Autre souci de « taille », le volume des lave-linge constitue également un autre critère à l’achat pour le consommateur. En effet, le poids et les dimensions du produit se mettent en porte-à-faux avec les contraintes d’espace du logement du consommateur. Dominé par les modèles de 5-6 kg qui représentent 32,1 % de l’offre, le marché se concentre essentiellement aujourd’hui sur les modèles 4-5 kg (15,6 %), 6-7 kg (23,2 %) et 7-8 kg (17 %). En effet, bien qu’en légère hausse, les modèles 0-4 kg (de 0,4 à 0,5 %), 8-9 kg (de 5,1 à 6,9 %) et 10-19 kg (de 2,5 à 3,5 %) demeurent anecdotiques dans les linéaires. Petit aparté cependant sur les modèles 9-10 kg en légère perte de vitesse, leur place au sein des linéaires se réduisant de 2 à 1,2 % de l’offre. Il est à noter que si nous observons une certaine stabilité de l’offre dans les différentes tailles de lave-linge, que ce soit chez les GSS ou les hypermarchés, seule la catégorie 8-9 kg semble connaître un fort développement au sein de ces deux circuits de distribution, passant en effet de 4,9 à 7 % de l’offre chez les GSS et de 6,1 à 7,3 % de l’offre chez les hypermarchés. Côté valeur en revanche, le moral est une fois encore à la baisse dans toutes les catégories, excepté les modèles 0-4 kg qui enregistrent la seule progression sensible sur 1 an, passant en effet de 583 à 604 euros. S’il convient de saluer la performance des GSS sur le segment des machines de 5-6 kg avec une croissance en valeur de 538 à 544 euros, force est de constater une fois encore que les hypermarchés entraînent inexorablement la valeur du marché vers le bas avec un prix moyen de vente qui est passé de 513 à 468 euros en 1 an. Cette érosion de la valeur va crescendo plus le poids des machines est important. Ainsi, les modèles les plus imposants sont ceux qui subissent le plus ce recul du prix de vente moyen en linéaires. En outre, en dépit de leurs efforts, les GSS accusent également une baisse notable du prix de vente moyen de leur offre en linéaires.

L’éternel débat Top/Front

Considéré comme un critère à l’achat par le consommateur, le choix entre les modèles de machines Front et Top s’effectue généralement en fonction des contraintes spatiales et de praticité d’accès à la machine.

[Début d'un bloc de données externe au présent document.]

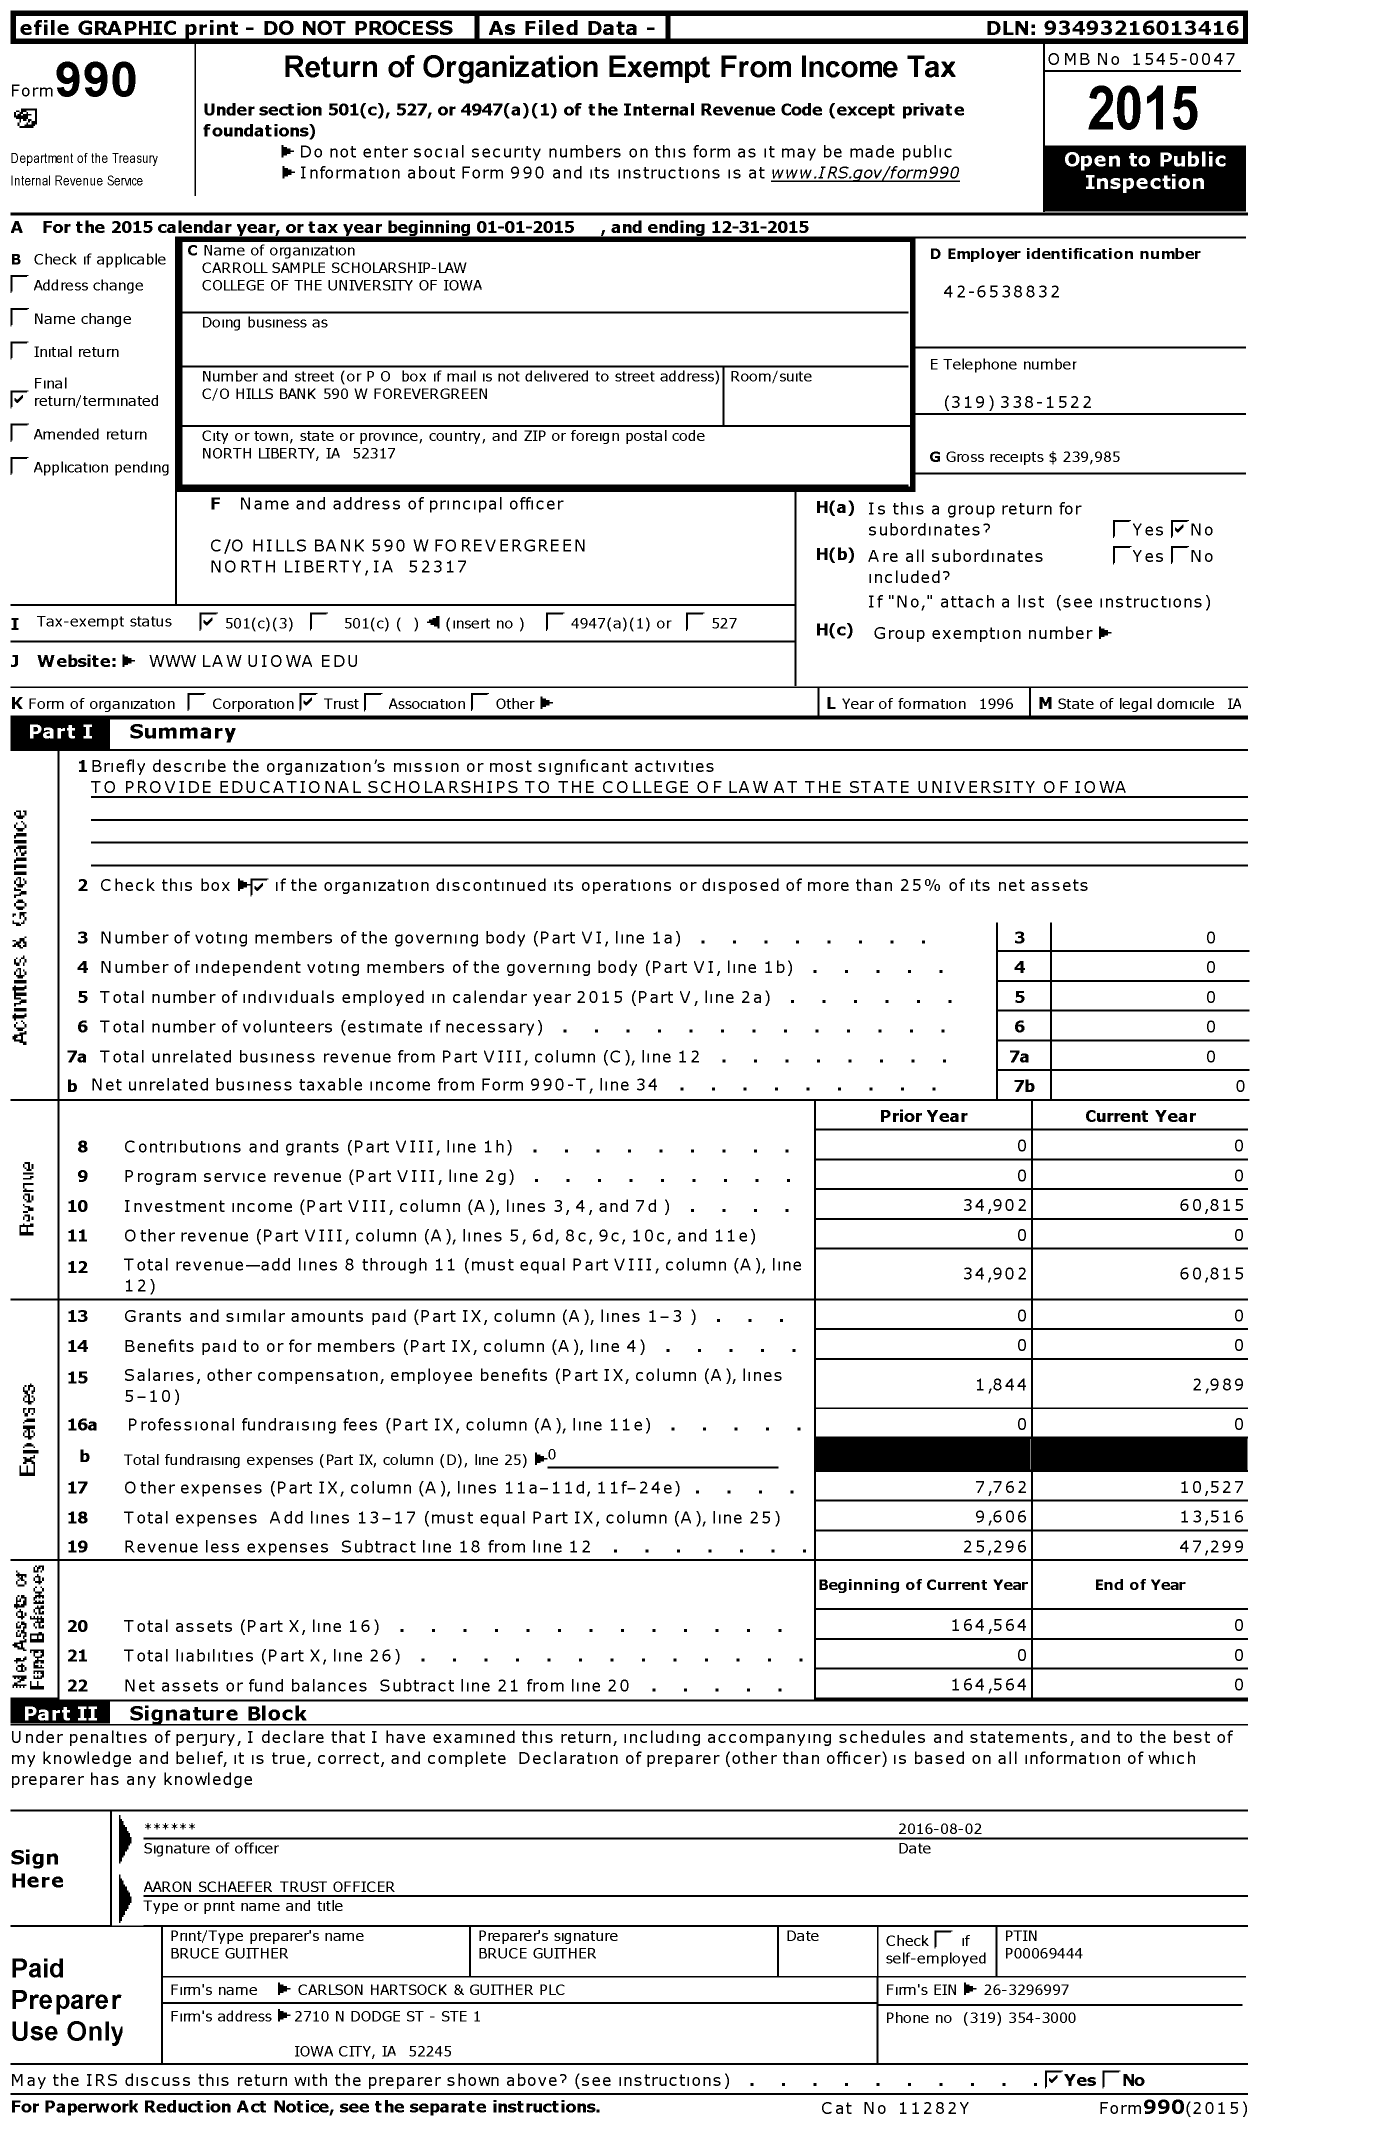 Image of first page of 2015 Form 990 for Carroll Sample Scholarship-Law College of the University of Iowa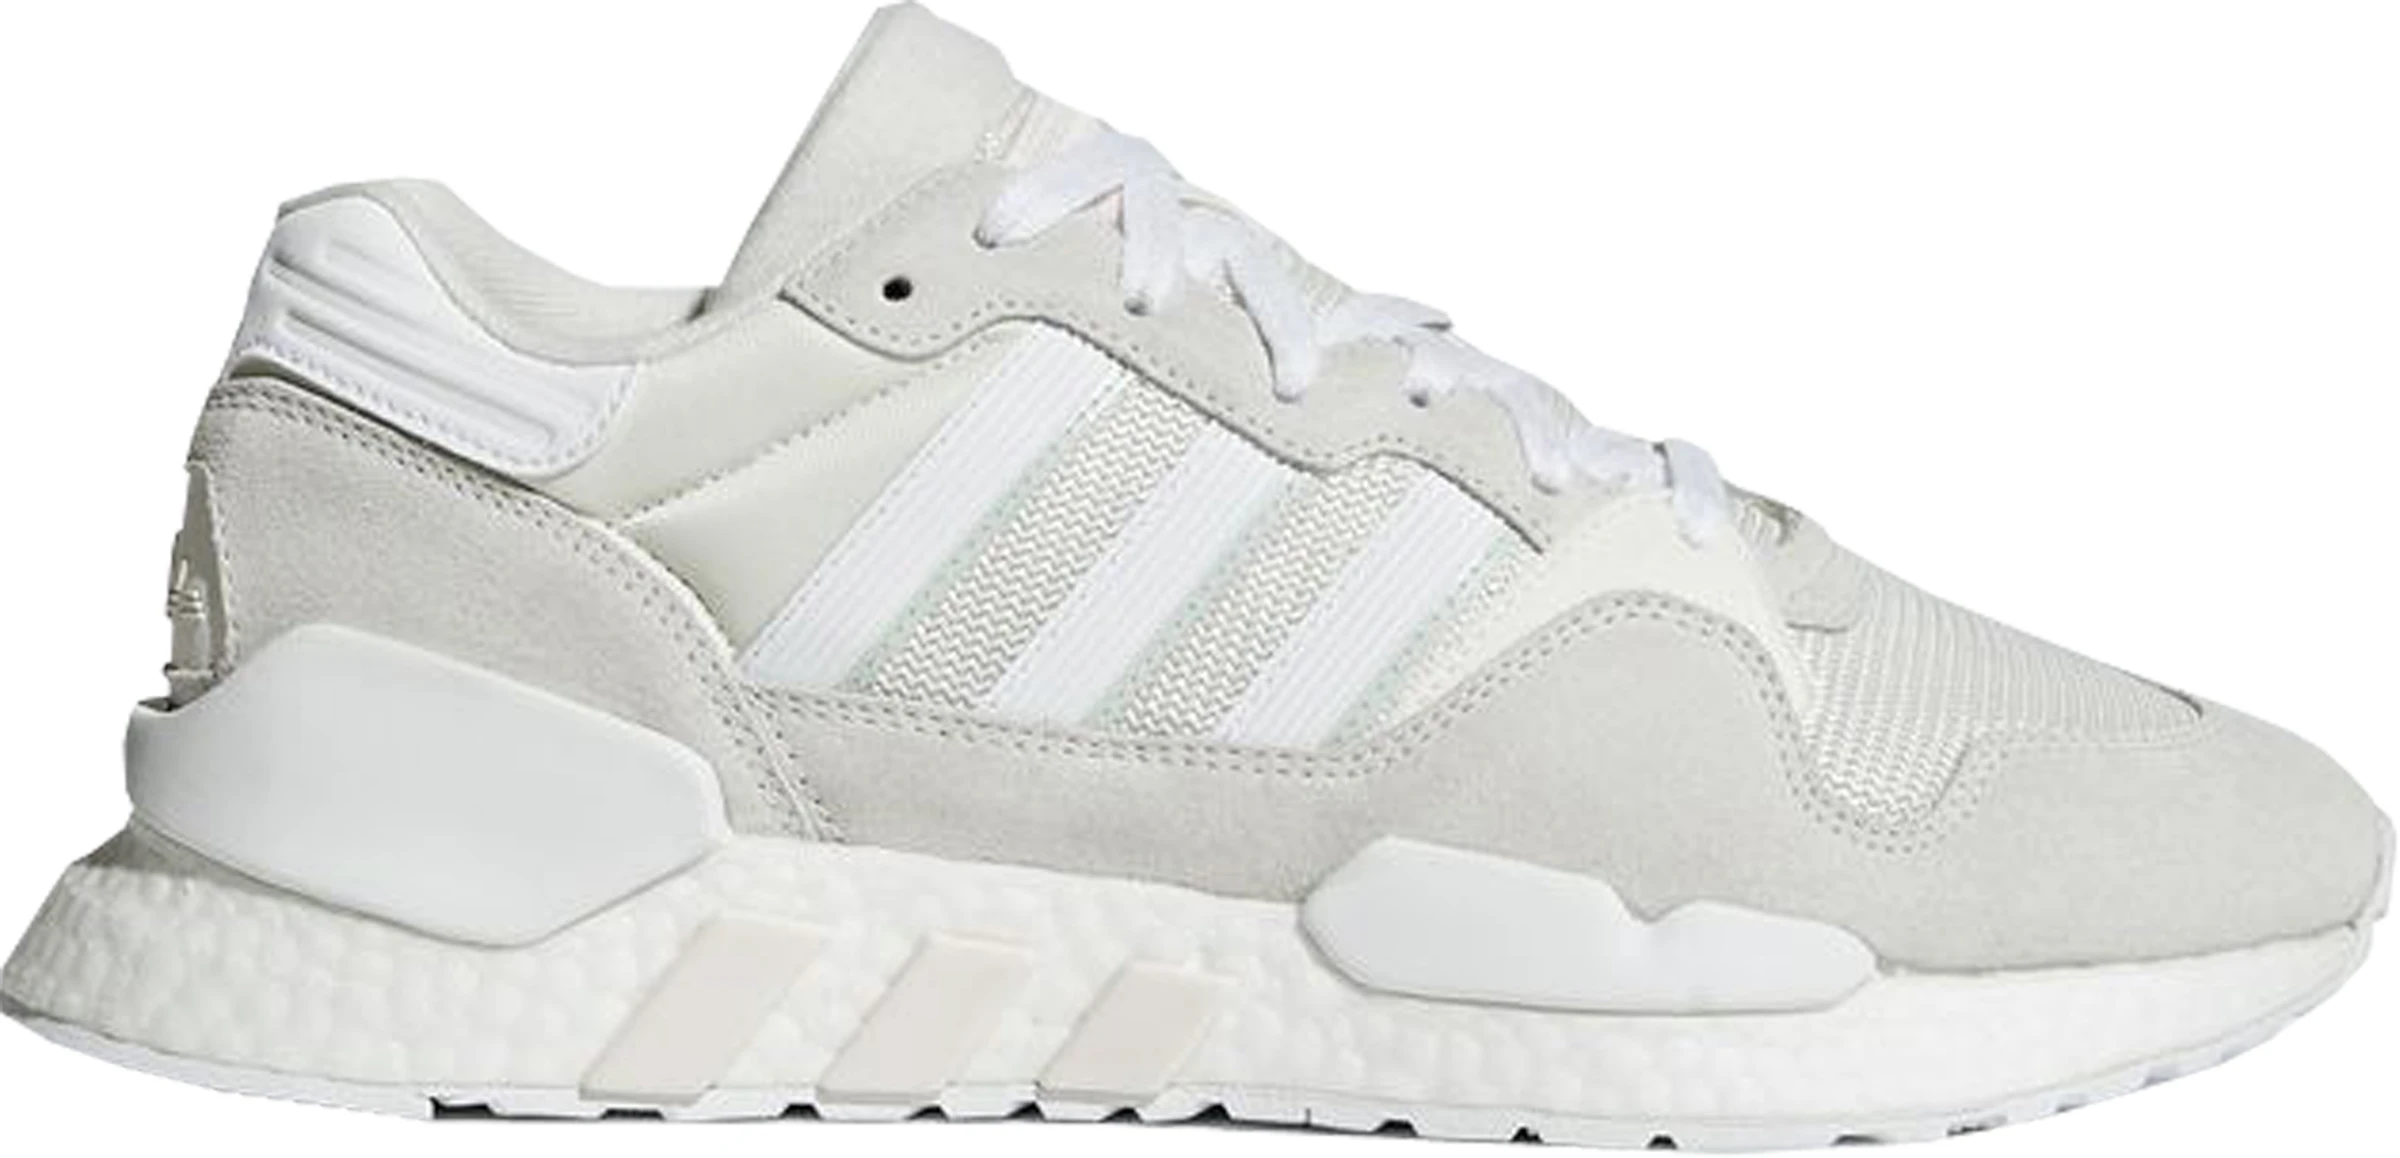 adidas ZX 930 x EQT Never Made Pack Triple White G27831 -

Historiquement dominé par les modèles Front qui continue de croître en volume au sein des linéaires (de 64,3 à 66 %), le marché assiste à une lente rationalisation de l’offre au profit de ces modèles. Bien qu’en retrait chez les GSS (de 36,2 à 33,5 % de l’offre), les modèles Top se révèlent relativement stables, quoiqu’en légère baisse, chez les hypermarchés (de 33,2 à 32,8 %). Il est d’ailleurs surprenant, en comparant les deux circuits de distribution, qu’en dépit d’une visibilité en baisse chez les GSS, la présence en linéaire de l’offre Top demeure proportionnellement supérieure à celle chez les hypermarchés alors que la demande y semble plus importante, eu égard au fait que l’offre ne varie peu ou pas. En ce qui concerne la valeur, la tendance est naturellement à la baisse pour les deux familles de produits avec un prix moyen en linéaire chutant en 1 an de 569 à 546 euros. Il est cependant à noter que la baisse de la valeur a principalement été enregistrée au mois de juillet 2011, le prix de vente moyen des modèles Front ayant en effet chuté de 26 euros entre juin et juillet 2011 alors qu’il avait seulement reculé de 595 à 584 euros entre juillet 2010 et juin 2011. Même constat pour la famille Top qui a accusé une baisse significative de son prix de vente entre juin et juillet 2011 de 12 euros alors qu’en juillet 2010 sa valeur se situait aux alentours de 523 euros. Comme d’ordinaire, la faute est une nouvelle fois due aux hypermarchés qui accusent la plus importante baisse de valeur dans les deux familles de produits (de 525 à 480 euros pour les Front, et de 492 à 445 euros pour les modèles Top).